● **Task statement**: From the line with "Loungefly x The" through the line with "MeoStar R2 1.7-10x42", inclusive, return each line of the data below exactly and leave the rest out.
- - - -
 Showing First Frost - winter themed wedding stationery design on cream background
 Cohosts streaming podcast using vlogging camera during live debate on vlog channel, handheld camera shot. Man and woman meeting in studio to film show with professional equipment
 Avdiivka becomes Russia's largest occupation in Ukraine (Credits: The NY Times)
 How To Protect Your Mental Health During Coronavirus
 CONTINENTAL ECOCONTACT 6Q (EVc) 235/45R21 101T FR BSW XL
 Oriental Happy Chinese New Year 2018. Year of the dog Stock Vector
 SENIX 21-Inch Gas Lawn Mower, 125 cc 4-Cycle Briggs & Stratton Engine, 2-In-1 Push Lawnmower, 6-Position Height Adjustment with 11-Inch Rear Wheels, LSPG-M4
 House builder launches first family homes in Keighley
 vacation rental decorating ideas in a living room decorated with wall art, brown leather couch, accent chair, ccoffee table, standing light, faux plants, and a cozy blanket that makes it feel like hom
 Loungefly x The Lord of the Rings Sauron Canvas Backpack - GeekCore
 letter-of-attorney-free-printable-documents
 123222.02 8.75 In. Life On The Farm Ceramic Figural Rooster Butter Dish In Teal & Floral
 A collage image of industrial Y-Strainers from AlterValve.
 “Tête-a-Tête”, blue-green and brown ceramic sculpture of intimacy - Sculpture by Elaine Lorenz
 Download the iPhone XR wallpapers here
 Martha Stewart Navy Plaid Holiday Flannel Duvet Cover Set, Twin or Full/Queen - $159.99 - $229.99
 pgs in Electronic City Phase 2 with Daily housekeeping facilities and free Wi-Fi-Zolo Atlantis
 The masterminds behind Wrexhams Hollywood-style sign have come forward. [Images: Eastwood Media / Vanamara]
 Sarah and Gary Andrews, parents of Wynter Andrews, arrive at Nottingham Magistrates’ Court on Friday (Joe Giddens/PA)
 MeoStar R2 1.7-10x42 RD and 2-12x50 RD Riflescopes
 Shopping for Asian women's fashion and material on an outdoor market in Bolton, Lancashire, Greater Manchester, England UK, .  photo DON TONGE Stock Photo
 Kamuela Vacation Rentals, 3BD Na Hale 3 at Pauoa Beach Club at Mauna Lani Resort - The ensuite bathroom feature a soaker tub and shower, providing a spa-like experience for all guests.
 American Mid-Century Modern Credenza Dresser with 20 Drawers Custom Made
- - - -
● **Written answer**:
 Loungefly x The Lord of the Rings Sauron Canvas Backpack - GeekCore
 letter-of-attorney-free-printable-documents
 123222.02 8.75 In. Life On The Farm Ceramic Figural Rooster Butter Dish In Teal & Floral
 A collage image of industrial Y-Strainers from AlterValve.
 “Tête-a-Tête”, blue-green and brown ceramic sculpture of intimacy - Sculpture by Elaine Lorenz
 Download the iPhone XR wallpapers here
 Martha Stewart Navy Plaid Holiday Flannel Duvet Cover Set, Twin or Full/Queen - $159.99 - $229.99
 pgs in Electronic City Phase 2 with Daily housekeeping facilities and free Wi-Fi-Zolo Atlantis
 The masterminds behind Wrexhams Hollywood-style sign have come forward. [Images: Eastwood Media / Vanamara]
 Sarah and Gary Andrews, parents of Wynter Andrews, arrive at Nottingham Magistrates’ Court on Friday (Joe Giddens/PA)
 MeoStar R2 1.7-10x42 RD and 2-12x50 RD Riflescopes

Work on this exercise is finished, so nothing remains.